WHAT THE TASK ASKS
Write the listing out again word for word, excluding any pictures.

COLLECTED DATA
= Beginning of Section =

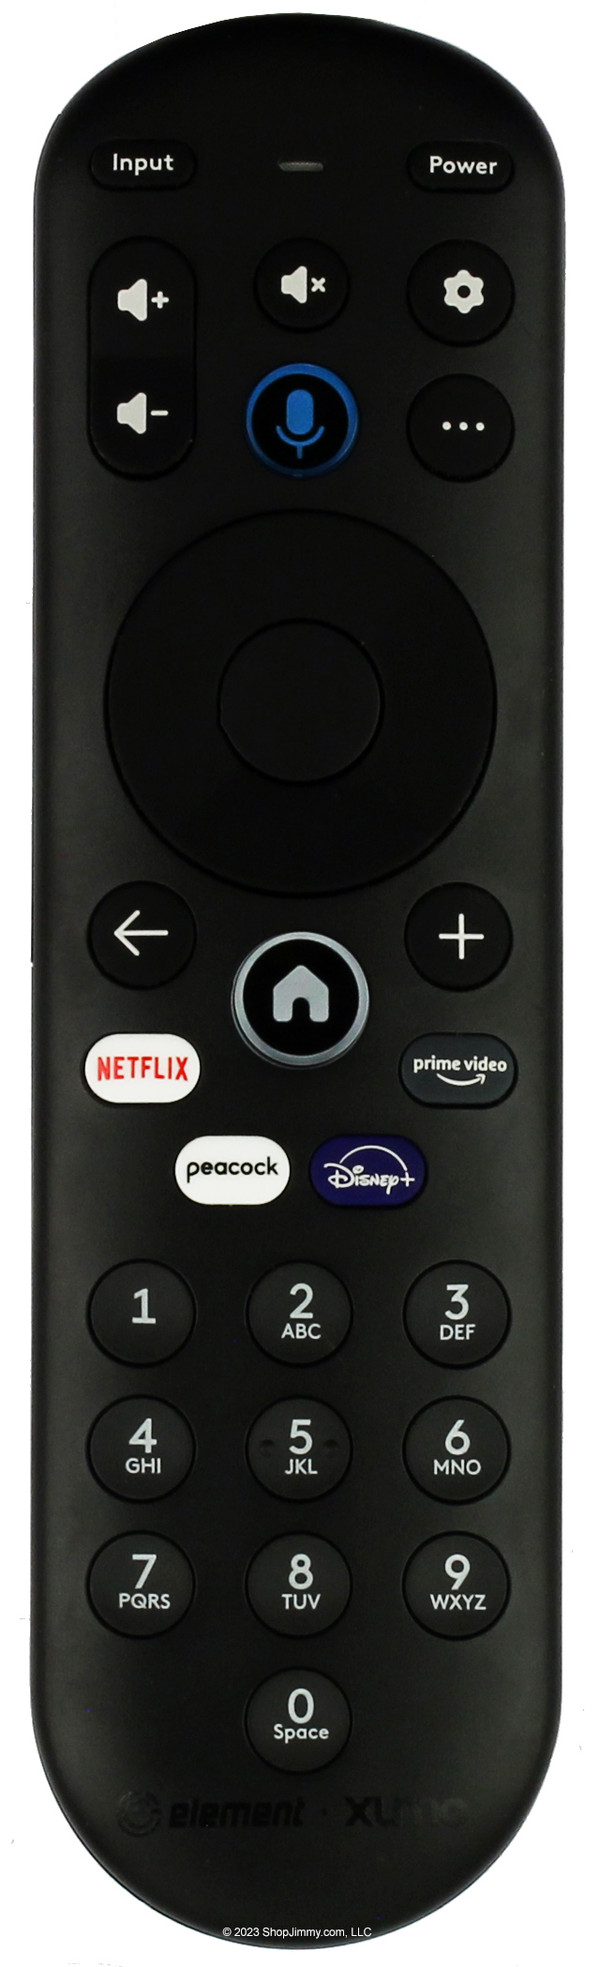 Element R34010BA00-00002 Remote Control w/ Netflix Peacock Disney+ --OPEN BAG
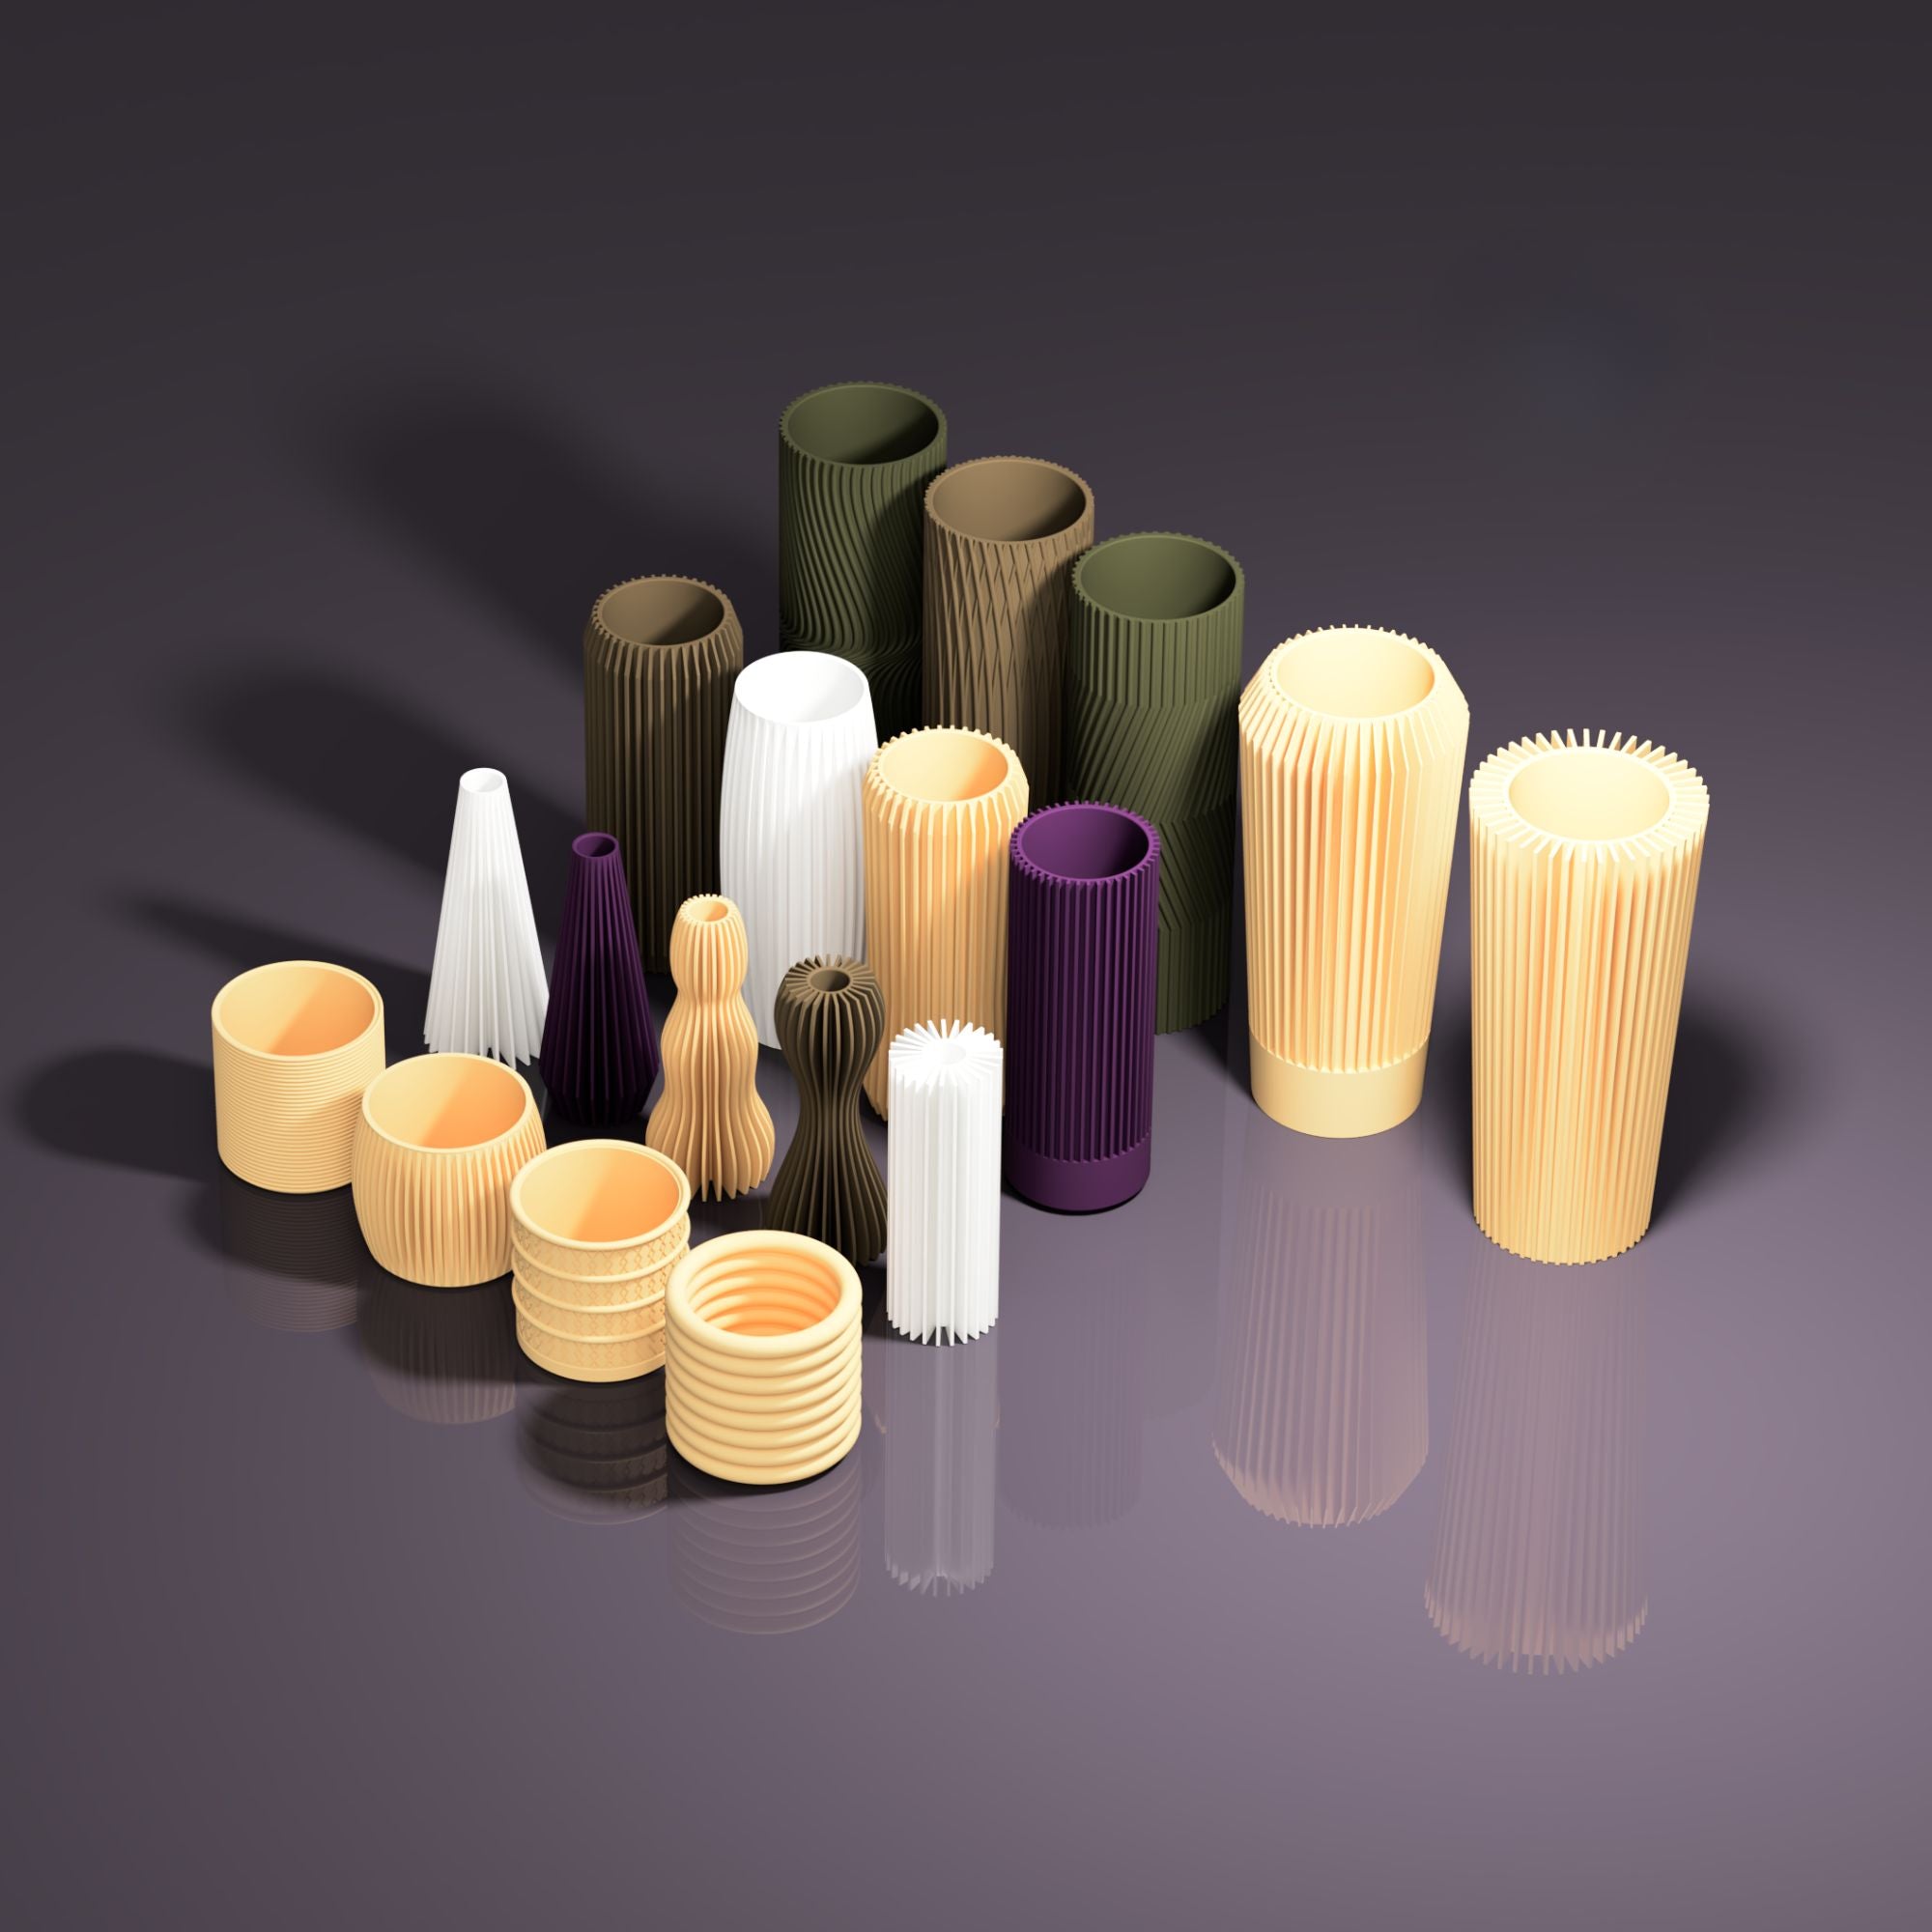 STL Vases Design Pack 18 3D Files - Unique design for your home
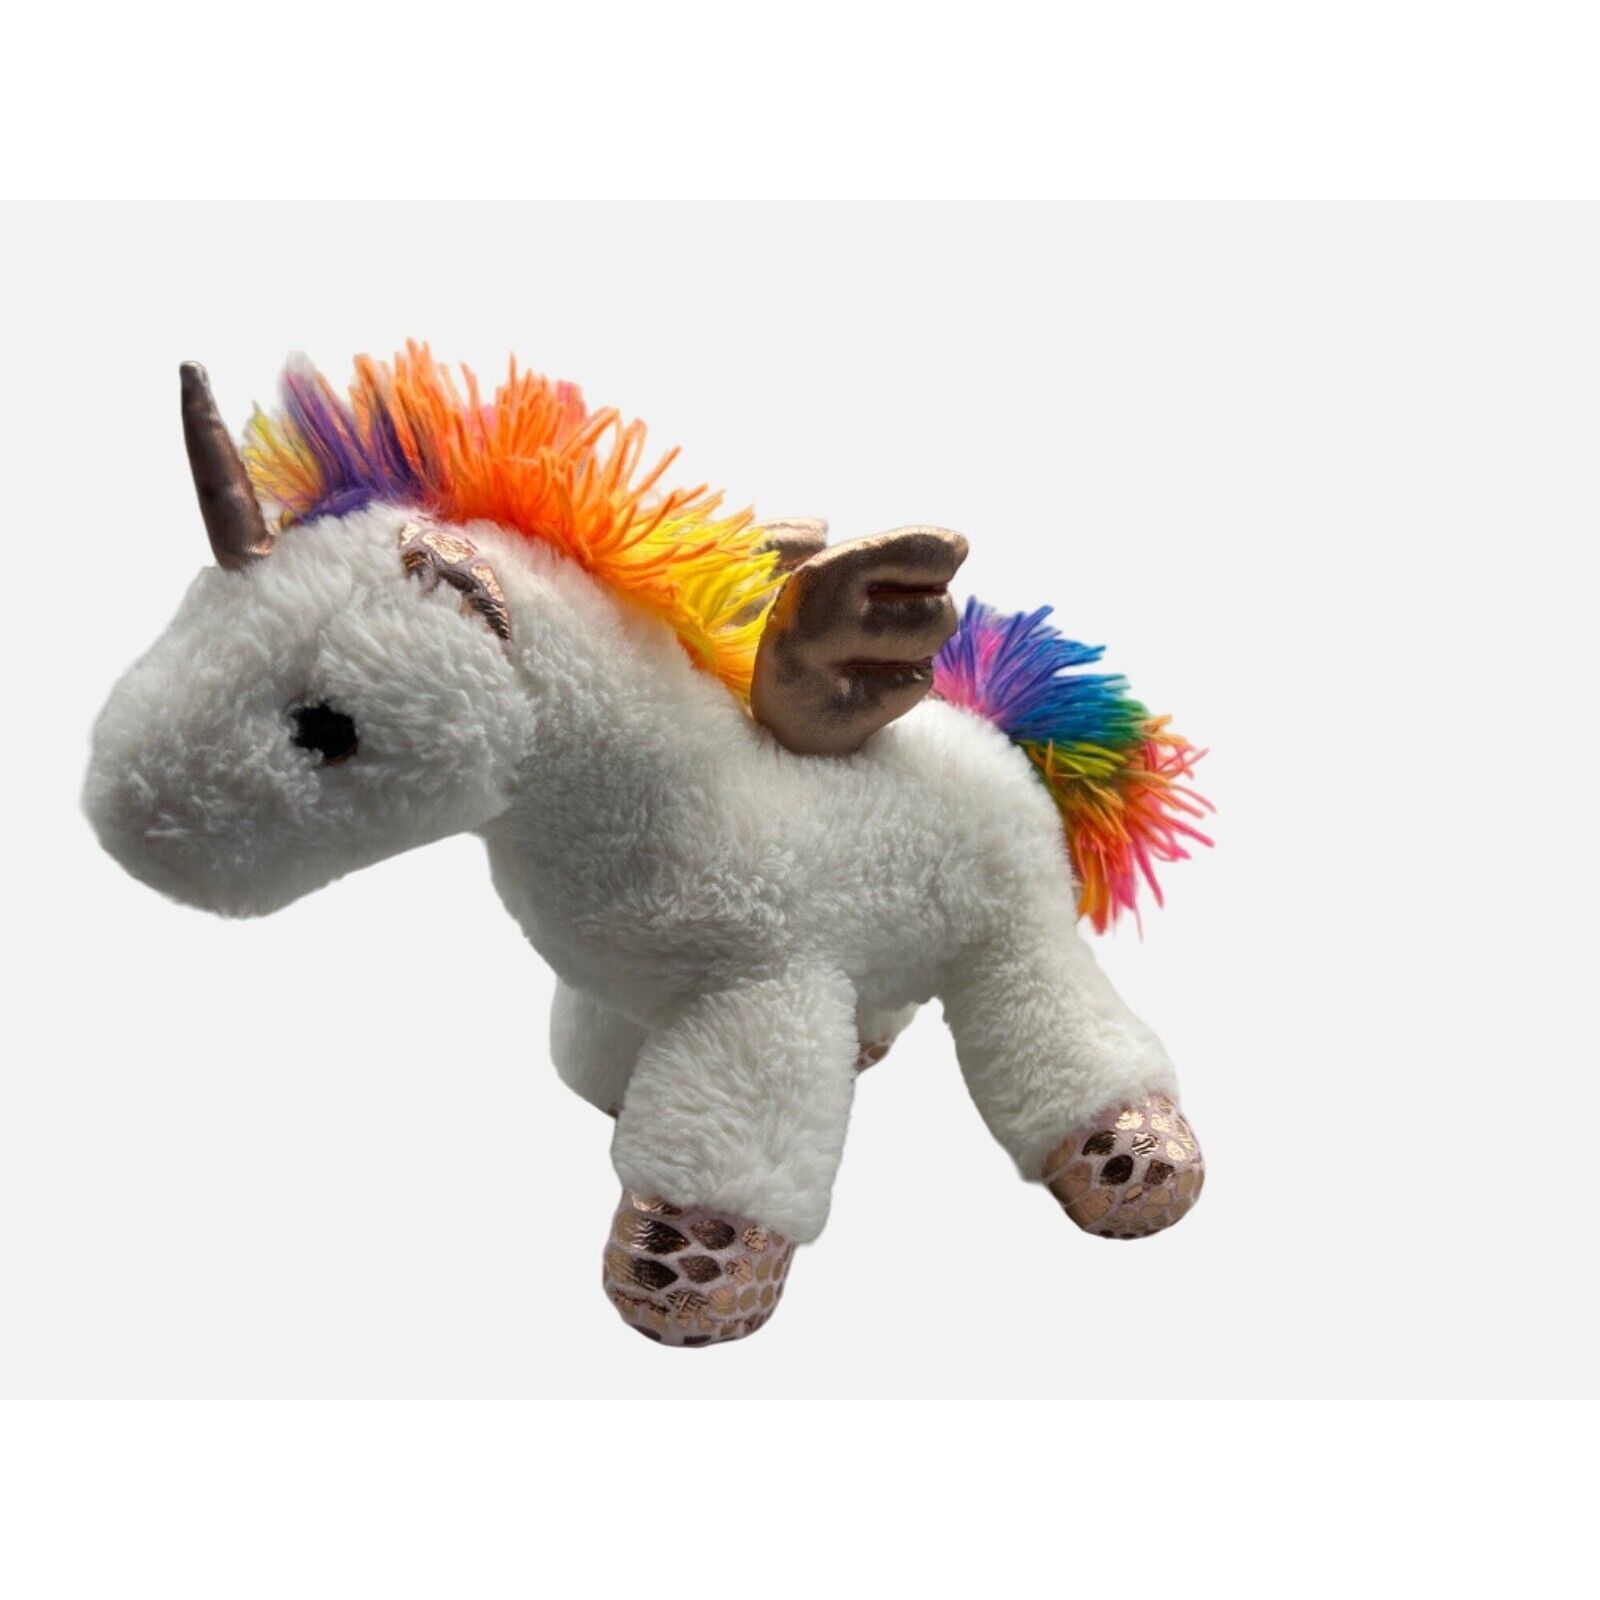 Kellytoy Rainbow Unicorn 11" Plush Animal Sparkly Colorful Yarn Mane & Tail 2019 - $13.09

= End of Section =

ANSWER AREA
 Element R34010BA00-00002 Remote Control w/ Netflix Peacock Disney+ --OPEN BAG
 STL Vases Design Pack 18 3D Files - Unique design for your home
 Kellytoy Rainbow Unicorn 11" Plush Animal Sparkly Colorful Yarn Mane & Tail 2019 - $13.09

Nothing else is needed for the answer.